I've danced in the street Robert, twice. First time was in Cyprus as a small child when it rained after a drought of several years and everyone went a bit daffy, dancing in the rain.

Second time was a street party not long after I came home. It was held for some neighbours' 60th wedding anniversary. We ended up doing a conga from house to house much to the bemusement of a couple of Japanese tourists.


----------



## robert@fm (May 16, 2014)

robert@fm said:


> If you really want baffling lyrics, try _'39_ by Queen (a filk song about a voyage, as many traditional folk songs are).  (That song appears to contradict itself, since the Volunteers appear to come home the same year they left, despite having been gone a year.) It makes sense once you realise what it's about; hint, Brian May (who wrote it) was studying astrophysics.
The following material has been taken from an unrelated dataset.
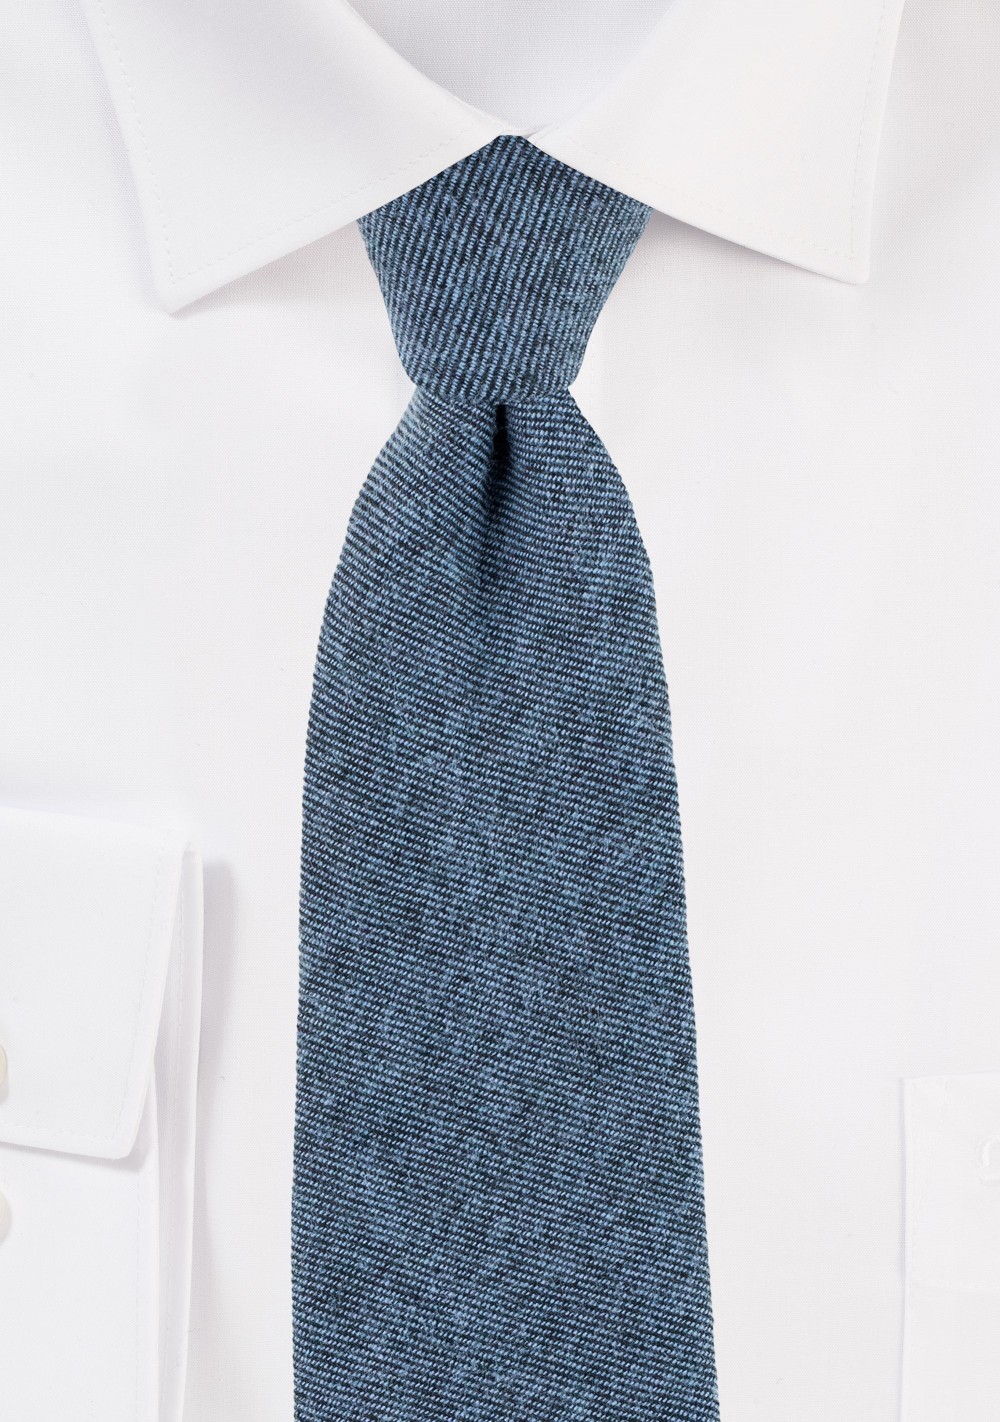 Textured Cotton Skinny Tie in Denim Blue

I'm surprised nobody has yet tackled this one. 

Another clue is that the Volunteers "sailed across the milky sea". What's Ancient Greek for "milky"? Or to put it another way, what oft-seen thing is usually described as "milky"?


----------



## Northerner (May 16, 2014)

FTL travel?


----------



## AlisonM (May 16, 2014)

Northerner said:


> FTL travel?


Is that where you meet yourself coming back?


----------



## robert@fm (May 16, 2014)

Northerner said:


> FTL travel?



Not quite.  If it was a FTL trip they would probably have got back the year _before_ they set out...


----------



## Redkite (May 16, 2014)

Oh yes I love that song.  Isn't it about travelling across the Milky Way, so you'd have to travel faster than the speed of light and (dodgy physics from me) end up in a different relative timeframe than the one you'd left.  Or something!


----------